Io vorrei riportare invece uno sguardo sulla realtà dei fatti e cioè sull’ignoranza delle più elementari regole di convivenza civile che sono pure disciplinate dalla legge italiana.

La goccia che ha fatto traboccare il vaso è arrivata ieri: potete aprire l’allegato( intitolato dagli utenti “oggi ho cisto Gesù”) con l’episodio a cui mi riferisco che è stato immortalato da una foto postata poi su Facebook in una pagina dedicata ai lavoratori di Malpensa.

Io chiedo, come cittadina italiana, come donna (perchè questi atteggiamenti sono offensivi verso tutte le donne) e come donna di fede cristiana ( forse sono in minoranza, ma essendo in democrazia chiedo il rispetto della mia fede) che vengano presi dei provvedimenti, non sull’episodio specifico, ma su questo genere di atteggiamenti sgradevoli e degradanti.

Riporto alla vostra attenzione che l’aeroporto è un luogo pubblico frequentato da gente di ogni nazione ma spesso, e in questo periodo ancor di più, da MINORI che non devono essere scandalizzati da questi soggetti che credono così d’essere simpatici. Chiedo inoltre che venga rispettata la fede di tutte le nazioni che qui vengono rappresentate e pertanto che i comportamenti offensivi verso ogni religione vengano stroncati sul nascere.

Voi sarete sicuramente più istruiti di me, ma voglio citarvi alcuni degli articoli di legge che nel caso specifico sono stati violati:

1) art.403 del Codice Penale- Chiunque pubblicamente offende una confessione religiosa, mediante vilipendio di chi la professa, è punito con la multa da euro 1.000 a euro 5.000.

2) art.529 del Codice Penale- Agli effetti della legge penale, si considerano osceni gli atti e gli oggetti che, secondo il comune sentimento, offendono il pudore.
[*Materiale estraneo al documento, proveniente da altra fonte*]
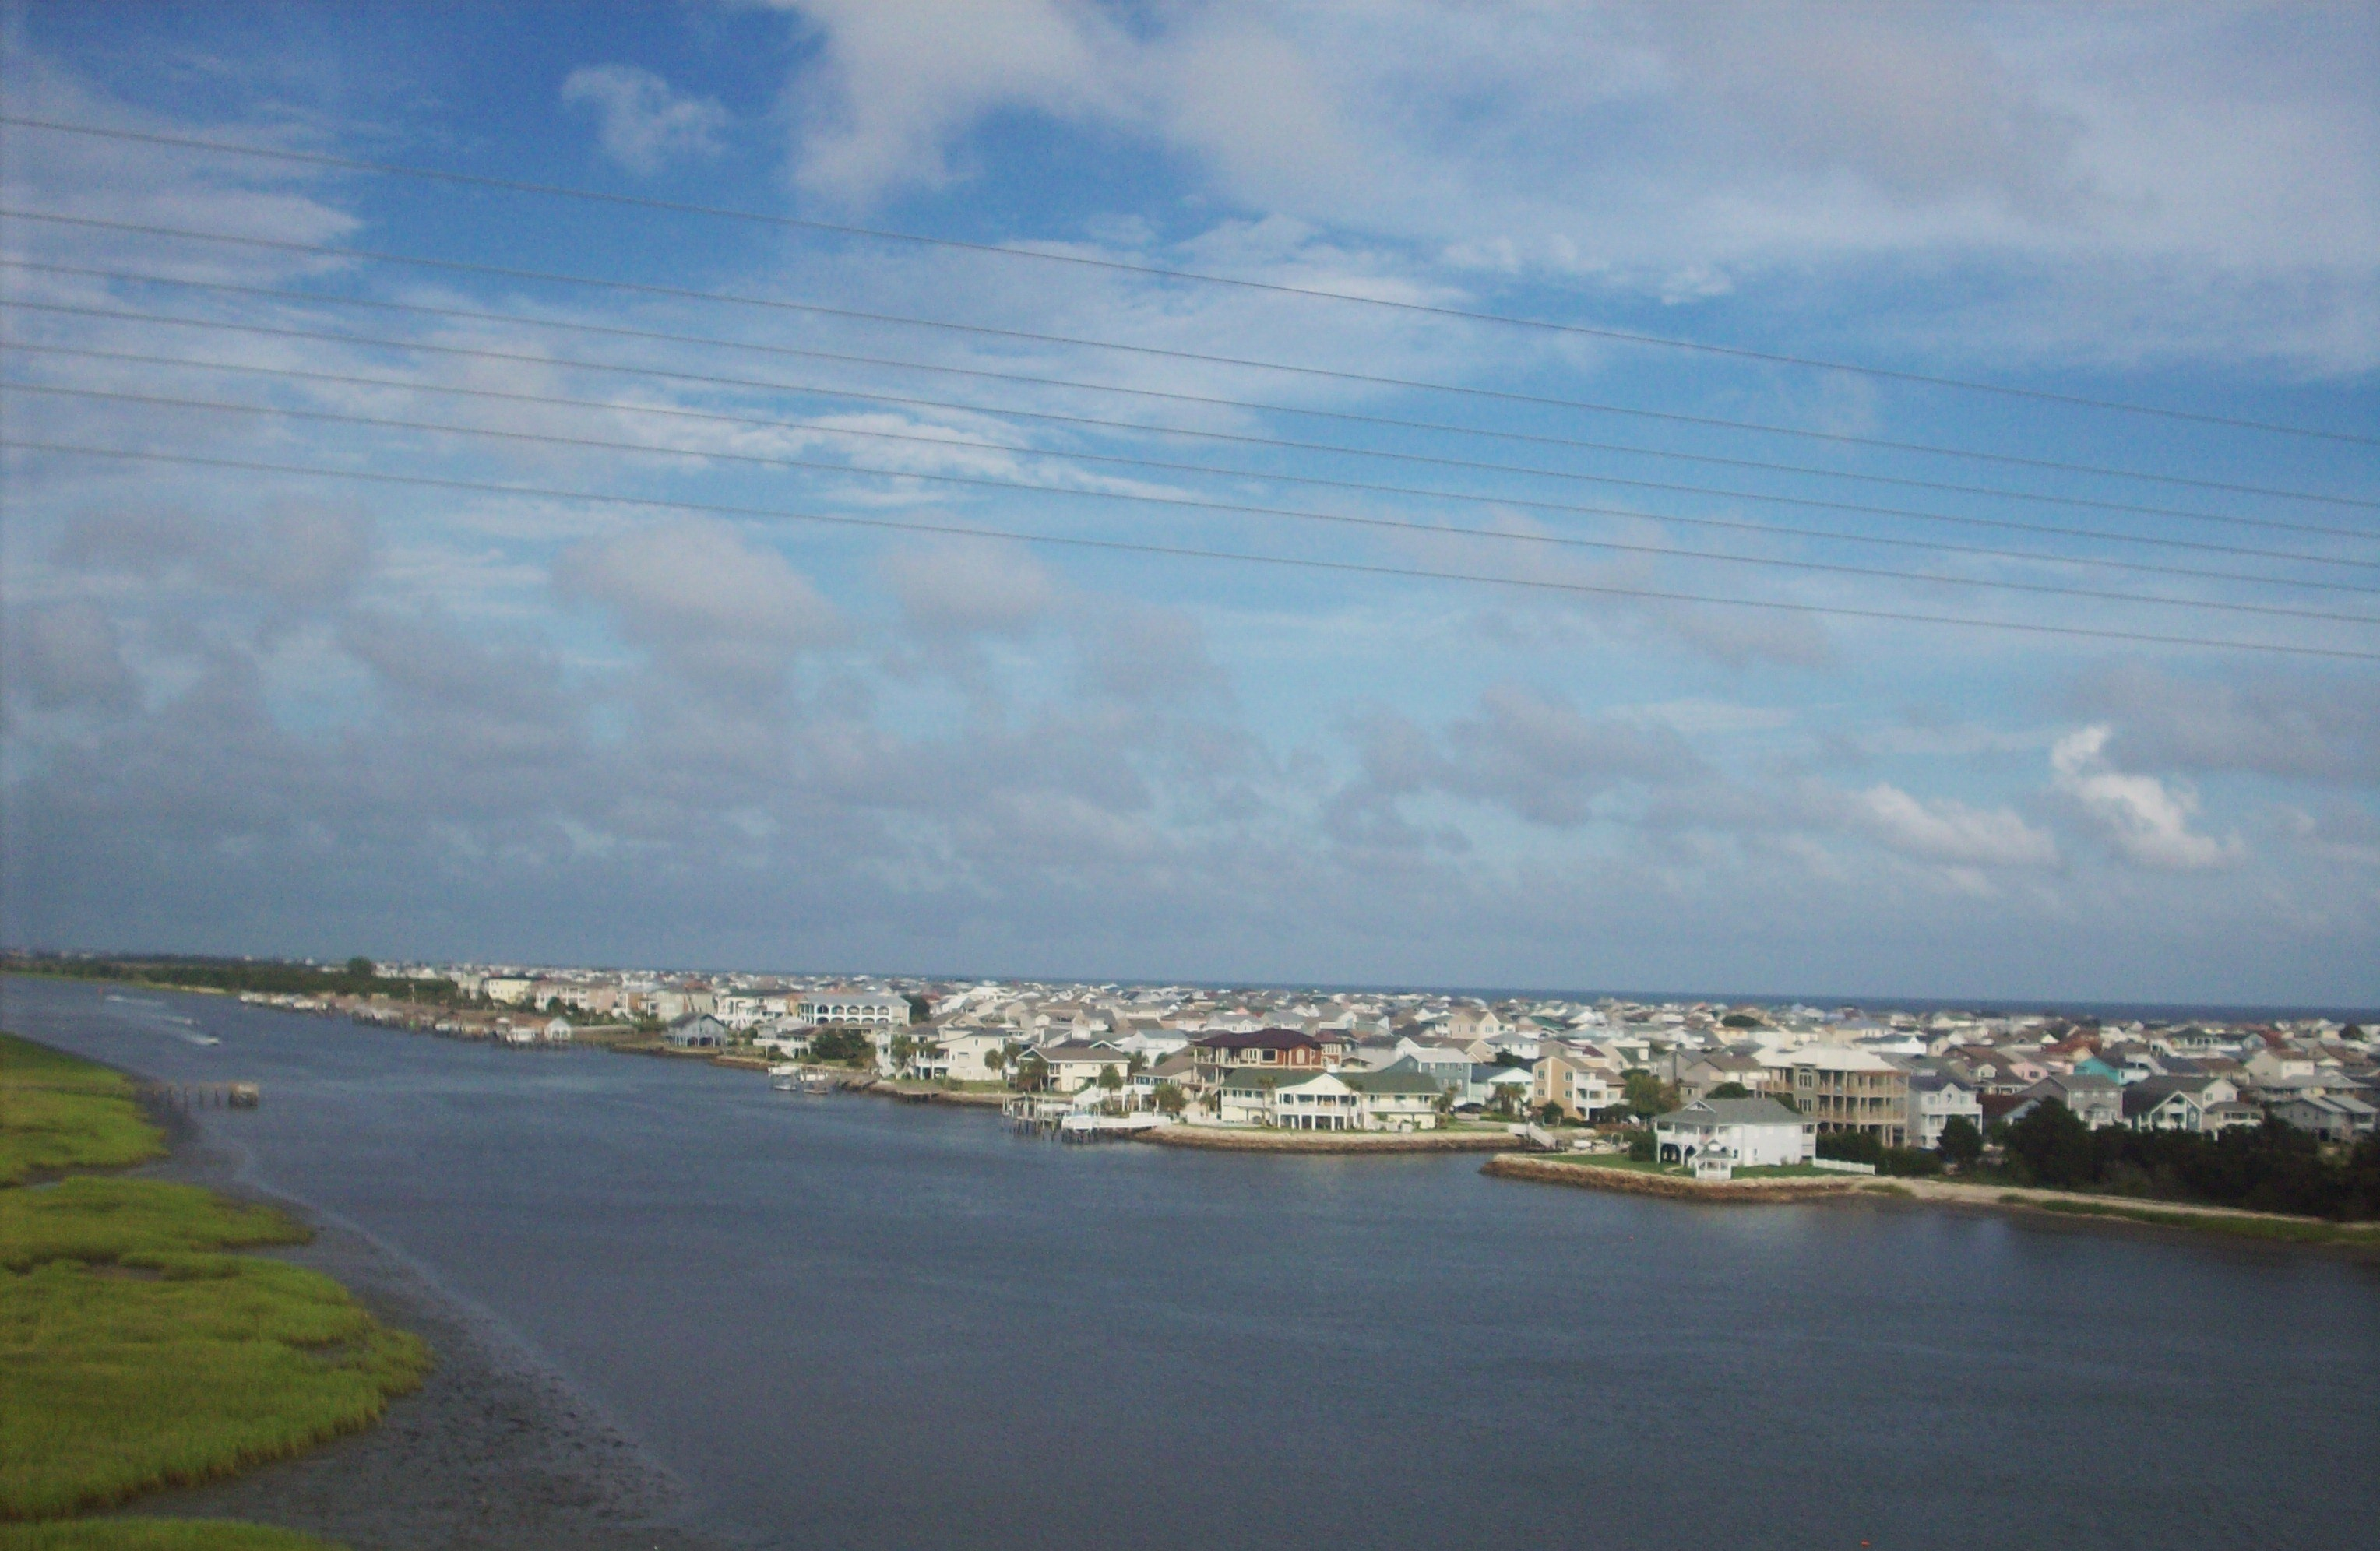 Ocean Isle Beach Occupancy Tax Revenue

3) art 726 del Codice Penale- Chiunque, in un luogo pubblico o aperto o esposto al pubblico, compie atti contrari alla pubblica decenza è soggetto alla sanzione amministrativa pecuniaria da euro 5.000 a euro 10.000.

4) Sentenza della Corte Costituzionale n.188/75 (2006)-

«Sono, invece, vilipendio, la contumelia, lo scherno, l’offesa, per dir così, fine a sé stessa, che costituisce ad un tempo ingiuria al credente (e perciò lesione della sua personalità) e oltraggio ai valori etici di cui si sostanzia ed alimenta il fenomeno religioso, oggettivamente riguardato» – (L’oggetto della denuncia deve essere pubblico: il reato deve avvenire sulla stampa o tramite altro mezzo di propaganda, in luogo pubblico o aperto al pubblico, in presenza di più persone, in una riunione non privata. La denuncia può essere presentata da chiunque).

Poichè, come precedentemente affermato, questi casi stanno proliferando in maniera eccessiva, chiedo a voi, in quanto autorità competenti, di intervenire a riguardo disincentivando così il dilagare della volgarità a Malpensa e nei luoghi pubblici in genere.

Propongo ( sta poi a voi trovare il modo adatto) l’affisione di cartelli simili quelli del Dgr (Dangeous goods regulation) o dei divieti di fumo in punti strategici, con l’indicazione chiara della sanzione a cui si va incontro in caso di comportamenti illeciti in luogo pubblico. La security o la Polizia potrà invitare i passeggeri a riporre oggetti osceni od offensivi nel bagaglio personale o a requisirli in base alla situazione del momento.

Vi ringrazio per l’attenzione e mi sarebbe gradito un vostro riscontro, se possibile; da parte mia, ho fatto quello che la mia coscienza mi ha detto di fare, nella fiducia che le istituzioni dello Stato, della Sea e della Chiesa prenderanno in carico questa segnalazione.